Ministry of Energy (Myanmar)
- Seal of the Ministry of Energy

Agency overview
- Formed: 12 April 1985 (1st); 2 May 2022 (2nd);
- Dissolved: March 30, 2016 (1st time)
- Superseding agency: Ministry of Electricity and Energy;
- Jurisdiction: Government of Myanmar
- Headquarters: Building No (6) Naypyidaw
- Minister responsible: Myo Myint Oo;
- Deputy Minister responsible: Thant Zin;
- Child agencies: Energy Planning Department; Myanma Oil and Gas Enterprise (MOGE); Myanma Petrochemical Enterprise (MPE); Myanma Petroleum Products Enterprise (MPPE);
- Website: www.energy.gov.mm

= Ministry of Energy (Myanmar) =

Government ministry of Myanmar

The Ministry of Energy (စွမ်းအင် ဝန်ကြီးဌာန, 'MOE') was a ministry in the Burmese government that was responsible for the country's energy sector, in particular exploration of crude oil and natural gas and manufacture and distribution of petrochemicals and petroleum products.

==History==
From 1948 to 1985, organizations for energy sector were organized under Ministry of Mines and Ministry of Industry (2). Ministry of Energy was formed on 1985 April (12) by Council of State. In 2016, newly elected president Htin Kyaw combined Ministry of Electric Power and Ministry of Energy as Ministry of Electricity and Energy.
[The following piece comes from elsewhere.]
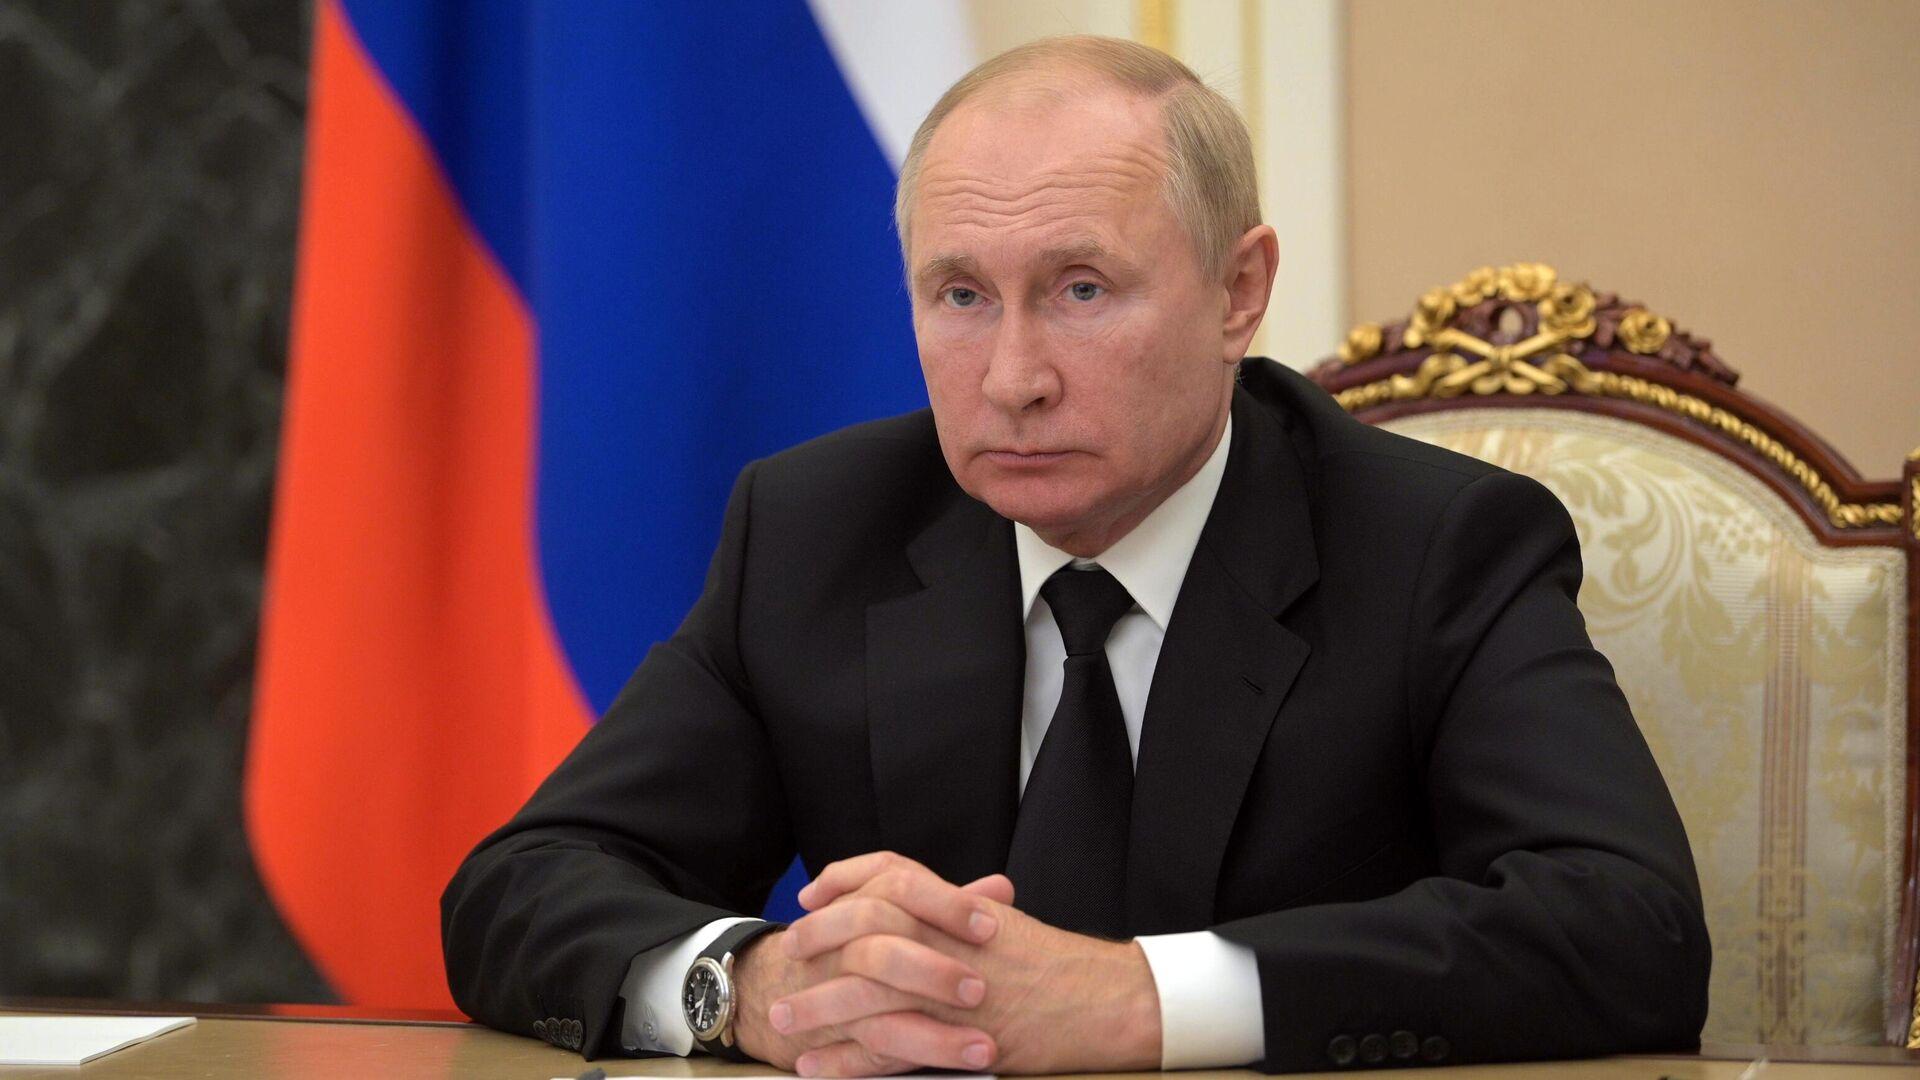 Опрос ВЦИОМ: Путину доверяют 64,6 процента россиян

In 2022 May, SAC reconstituted the ministry as Ministry of Electric Power and Ministry of Energy.
==Ministers==
===Ministers of MOE (2011 - 2016)===
- Than Htay (30 March 2011 - 25 July 2013)
- Zayar Aung (14 August 2015 - 30 March 2016)
===Ministers of MOEE (2016 - 2022)===
- Aung San Suu Kyi (30 March 2016 - 6 April 2016)
- Pe Zin Tun (7 April 2016 - 1 August 2017)
- Win Khaing (2 August 2017 - 1 February 2021)
- Aung Than Oo (8 February 2021 - 2 May 2022)
===Ministers of MOE===
- Thaung Han (2 May 2022 - 5 August 2022)
- Myo Myint Oo (5 August 2022 - Incumbent)

===Deputy Ministers===
- Soe Aung (2011 - ??)
- Htin Aung (12 August 2012 - 25 July 2013)
- Myint Zaw (7 August 2013 - ??)
- Dr Tun Naing (12 September 2016 - 1 February 2021)
- Khin Maung Win (2018 - 1 February 2021)
- Thant Zin (11 March 2021 - Incumbent)

==Projects==
Myanmar Engineering Society has identified at least 39 locations capable of geothermal power production and some of these hydrothermal reservoirs lie quite close to Yangon which is a significant underutilized resource for electrical generation to accelerate rural & economic development.